From: Jani Nikula <jani.nikula@intel.com>
To: Joonas Lahtinen <joonas.lahtinen@linux.intel.com>,
Rodrigo Vivi <rodrigo.vivi@intel.com>
Cc: Ben Widawsky <ben@bwidawsk.net>,
"Nikkanen, Kimmo" <kimmo.nikkanen@intel.com>,
Daniel Vetter <daniel.vetter@ffwll.ch>,
intel-gfx@lists.freedesktop.org
Subject: Re: [PATCH v3] drm/i915: Remove unsafe i915.enable_rc6
Date: Thu, 02 Nov 2017 17:17:41 +0200 [thread overview]
Message-ID: <87lgjod816.fsf@intel.com> (raw)

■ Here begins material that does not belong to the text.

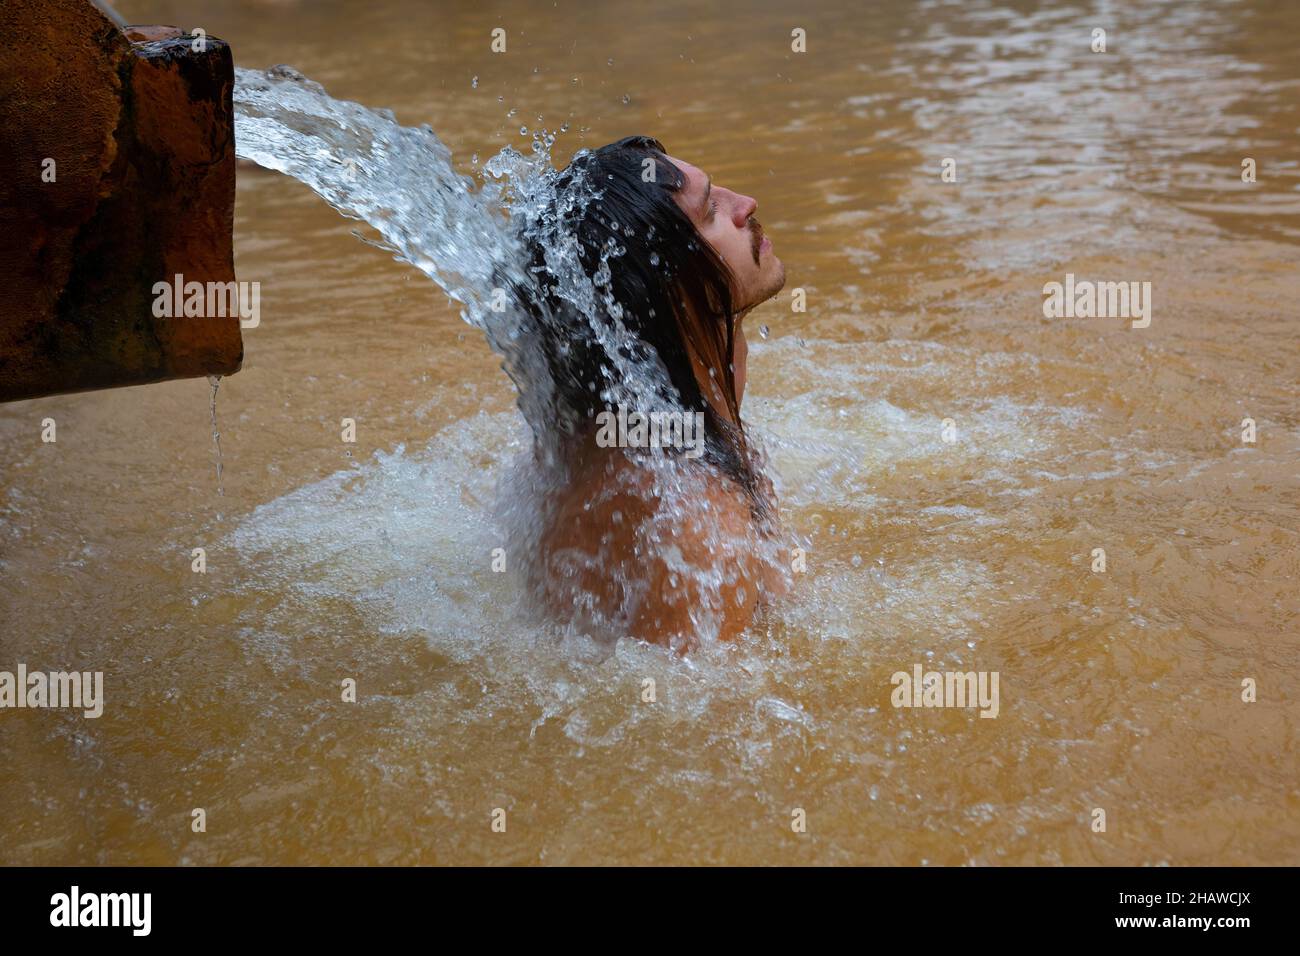 Giardino botanico, uomo sotto il getto d'acqua in piscina di acqua termale nel Parco Terra nostra, Furnas, Isola di Sao Miguel, Azzorre, Portogallo Foto Stock

In-Reply-To: <1509634780.27999.22.camel@linux.intel.com>
On Thu, 02 Nov 2017, Joonas Lahtinen <joonas.lahtinen@linux.intel.com> wrote:
> On Thu, 2017-11-02 at 07:47 -0700, Rodrigo Vivi wrote:
>> On Thu, Nov 02, 2017 at 08:06:29AM +0000, Jani Nikula wrote:
>> > On Wed, 01 Nov 2017, Rodrigo Vivi <rodrigo.vivi@intel.com> wrote:
>> > > On Wed, Nov 01, 2017 at 04:21:08PM +0000, Ben Widawsky wrote:
>> > > > On 17-11-01 18:09:47, Joonas Lahtinen wrote:
>> > > > > + Kimmo and Paul
>> > > > >
>> > > > > On Wed, 2017-11-01 at 07:43 -0700, Ben Widawsky wrote:
>> > > > > > On 17-11-01 14:07:28, Joonas Lahtinen wrote:
>> > > > > > > On Mon, 2017-10-30 at 10:48 -0700, Rodrigo Vivi wrote:
>> > > > > > > > On Mon, Oct 30, 2017 at 01:00:51PM +0000, David Weinehall wrote:
>> > > > > > > > > On Fri, Oct 27, 2017 at 01:57:09PM -0700, Daniele Ceraolo Spurio wrote:
>> > > > > > > > > >
>> > > > > > > > > >
>> > > > > > > > > > On 26/10/17 03:32, Chris Wilson wrote:
>> > > > > > > > > > > It has been many years since the last confirmed sighting (and fix) of an
>> > > > > > > > > > > RC6 related bug (usually a system hang). Remove the parameter to stop
>> > > > > > > > > > > users from setting dangerous values, as they often set it during triage
>> > > > > > > > > > > and end up disabling the entire runtime pm instead (the option is not a
>> > > > > > > > > > > fine scalpel!).
>> > > > > > > > > > >
>> > > > > > > > > > > Furthermore, it allows users to set known dangerous values which were
>> > > > > > > > > > > intended for testing and not for production use. For testing, we can
>> > > > > > > > > > > always patch in the required setting without having to expose ourselves
>> > > > > > > > > > > to random abuse.
>> > > > > > > > > > >
>> > > > > > > > > > > v2: Fixup NEEDS_WaRsDisableCoarsePowerGating fumble, and document the
>> > > > > > > > > > > lack of ilk support better.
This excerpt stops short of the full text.